Cell Biology and Neuroscience, Istituto Superiore di Sanita', Rome, Italy.
Blood Cells Mol Dis. 2011 Oct 15;47(3):182-97. doi: 10.1016/j.bcmd.2011.06.001. Epub 2011 Jul 20.
The number of erythroblasts generated ex-vivo under human-erythroid massive-amplification conditions by mononuclear cells from one unit of adult blood (10(10)) are insufficient for transfusion (10(12) red cells), emphasizing the need for studies to characterize cellular interactions during culture to increase erythroblast production. To identify the cell populations which generate erythroblasts under human-erythroid-massive-amplification conditions and the factors that limit proliferation, day 10 non-erythroblasts and immature- and mature-erythroblasts were separated by sorting, labelled with carboxyfluorescein-diacetate-succinimidyl-ester and re-cultured either under these conditions (for proliferation, maturation and/or apoptosis/autophagy determinations) or in semisolid media (for progenitor cell determination). Non-erythroblasts contained 54% of the progenitor cells but did not grow under human-erythroid-massive-amplification conditions. Immature-erythroblasts contained 25% of the progenitor cells and generated erythroblasts under human-erythroid-massive-amplification conditions (FI at 48 h=2.57±1.15). Mature-erythroblasts did not generate colonies and died in human-erythroid-massive-amplification conditions. In sequential sorting/re-culture experiments, immature-erythroblasts retained the ability to generate erythroblasts for 6 days and generated 2-5-fold more cells than the corresponding unfractionated population, suggesting that mature-erythroblasts may limit erythroblast expansion. In co-cultures of carboxyfluorescein-diacetate-succinimidyl-ester-labelled-immature-erythroblasts with mature-erythroblasts at increasing ratios, cell numbers did not increase and proliferation, maturation and apoptotic rates were unchanged. However, Acridine Orange staining (a marker for autophagic death) increased from ~3.2% in cultures with immature-erythroblasts alone to 14-22% in cultures of mature-erythroblasts with and without immature-erythroblasts. In conclusion, these data identify immature-erythroblasts as the cells that generate additional erythroblasts in human-erythroid-massive-amplification cultures and autophagy as the leading cause of death limiting the final cellular output of these cultures.

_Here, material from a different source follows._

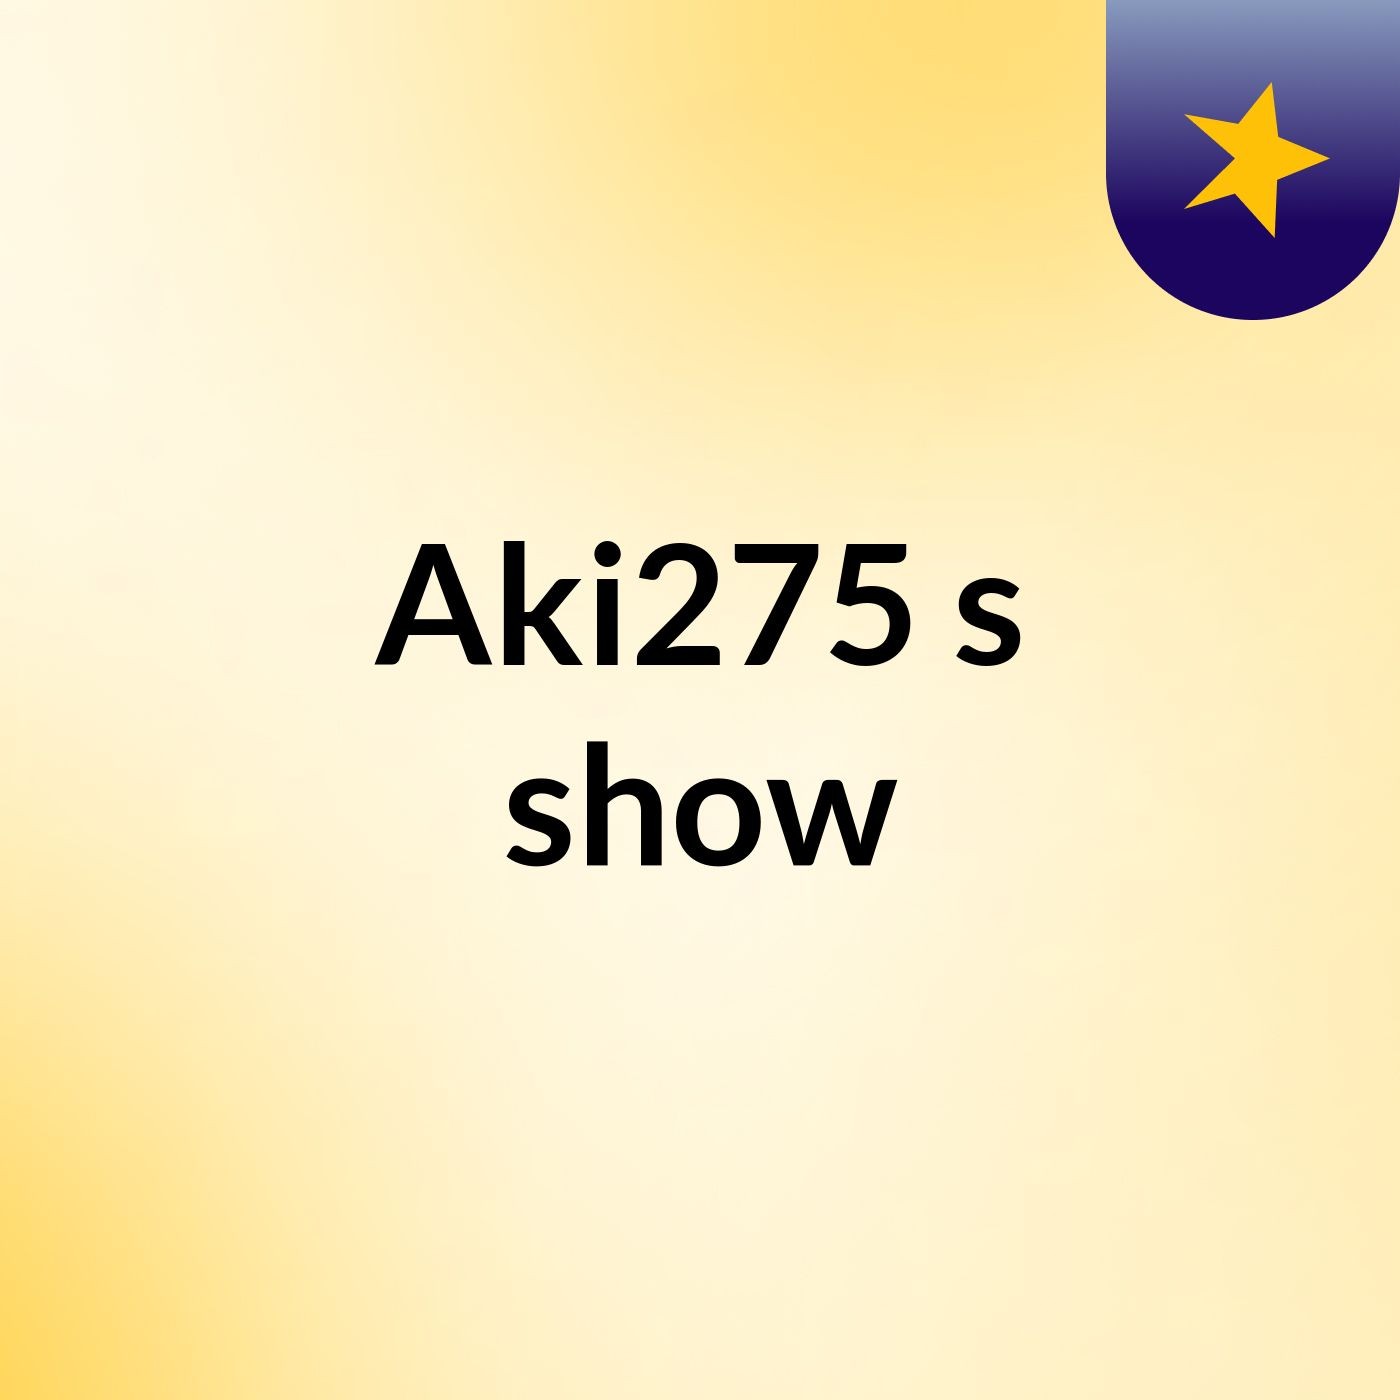 Aki275's show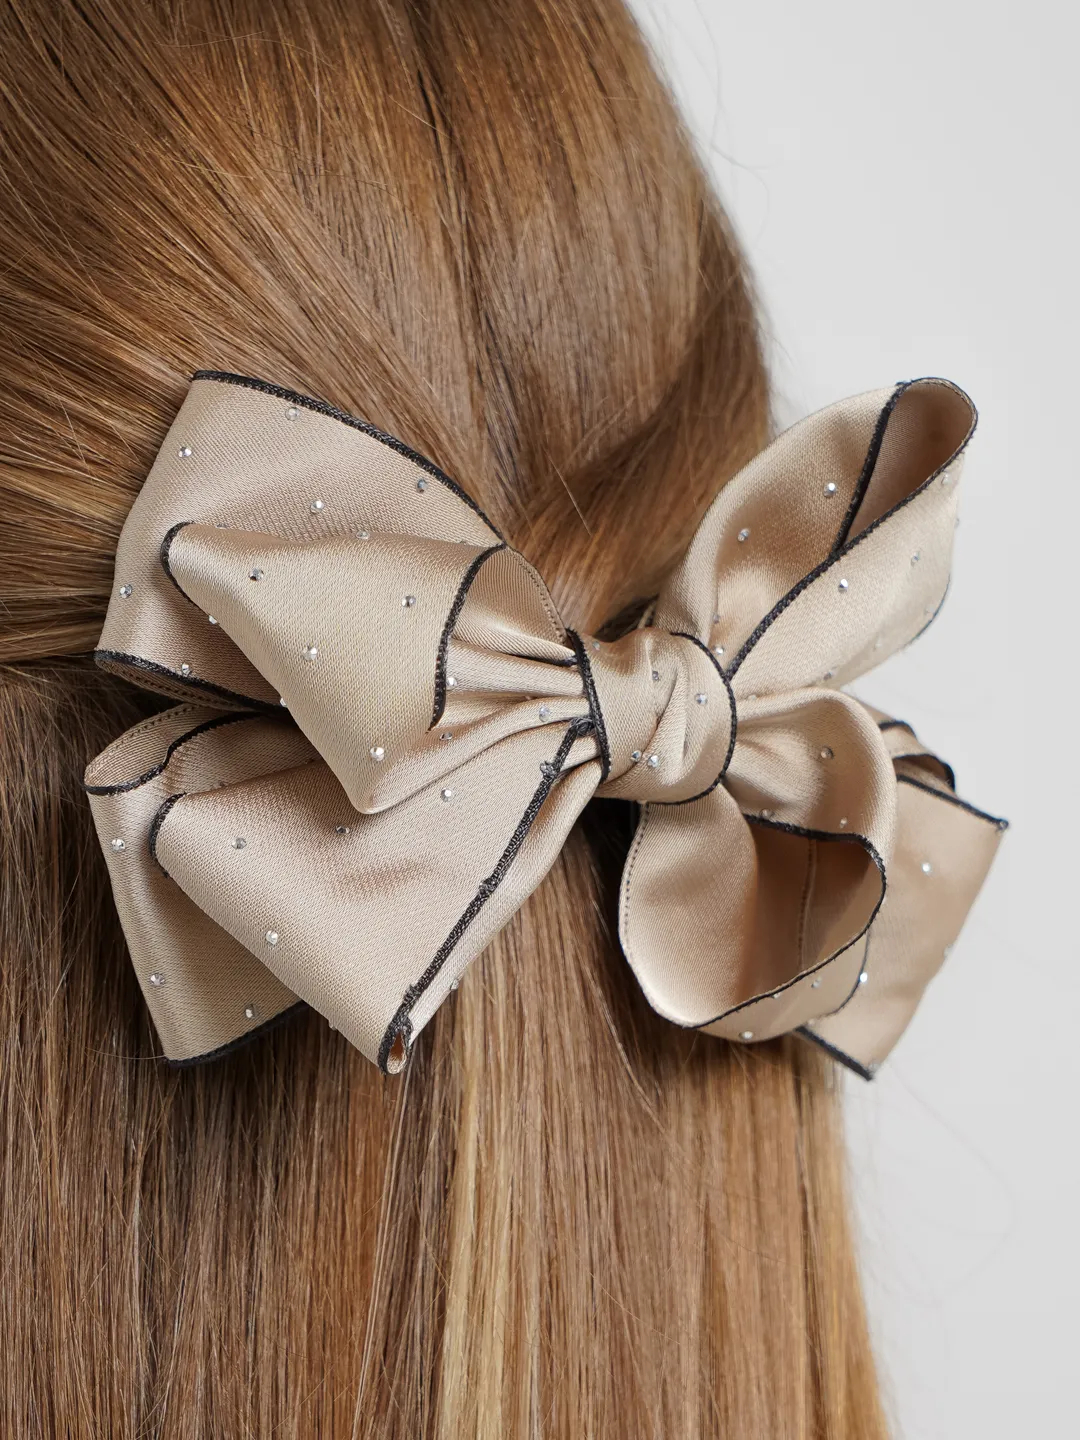 Прически на средние волосы в домашних условиях: фото идей и пошаговые инструкции - natali-fashion.ru

在人类红细胞大量扩增条件下,由单个成人血液单位(约 10(10))的单核细胞产生的红细胞数量不足以用于输血(约 10(12)个红细胞),这强调了需要研究在培养过程中表征细胞相互作用以增加红细胞生成的必要性。为了确定在人类红细胞大量扩增条件下产生红细胞的细胞群体以及限制增殖的因素,第 10 天的非红细胞、未成熟和成熟红细胞通过分选进行分离,用羧基荧光素二乙酸琥珀酰亚胺酯进行标记,并在这些条件下(用于增殖、成熟和/或凋亡/自噬测定)或在半固体培养基中(用于祖细胞测定)再培养。非红细胞含有 54%的祖细胞,但在人类红细胞大量扩增条件下不生长。未成熟红细胞含有 25%的祖细胞,并在人类红细胞大量扩增条件下产生红细胞(48 小时时的 FI 为 2.57±1.15)。成熟红细胞在人类红细胞大量扩增条件下不产生集落并死亡。在连续分选/再培养实验中,未成熟红细胞在 6 天内保留了产生红细胞的能力,并比相应的未分选群体产生 2-5 倍的细胞,这表明成熟红细胞可能限制红细胞的扩增。在未成熟红细胞与成熟红细胞以逐渐增加的比例共培养时,细胞数量没有增加,增殖、成熟和凋亡率没有变化。然而,吖啶橙染色(自噬死亡的标志物)从单独培养未成熟红细胞时的约 3.2%增加到有和没有未成熟红细胞的成熟红细胞共培养时的 14-22%。总之,这些数据表明,未成熟红细胞是在人类红细胞大量扩增培养中产生额外红细胞的细胞,自噬是限制这些培养物最终细胞产量的主要死亡原因。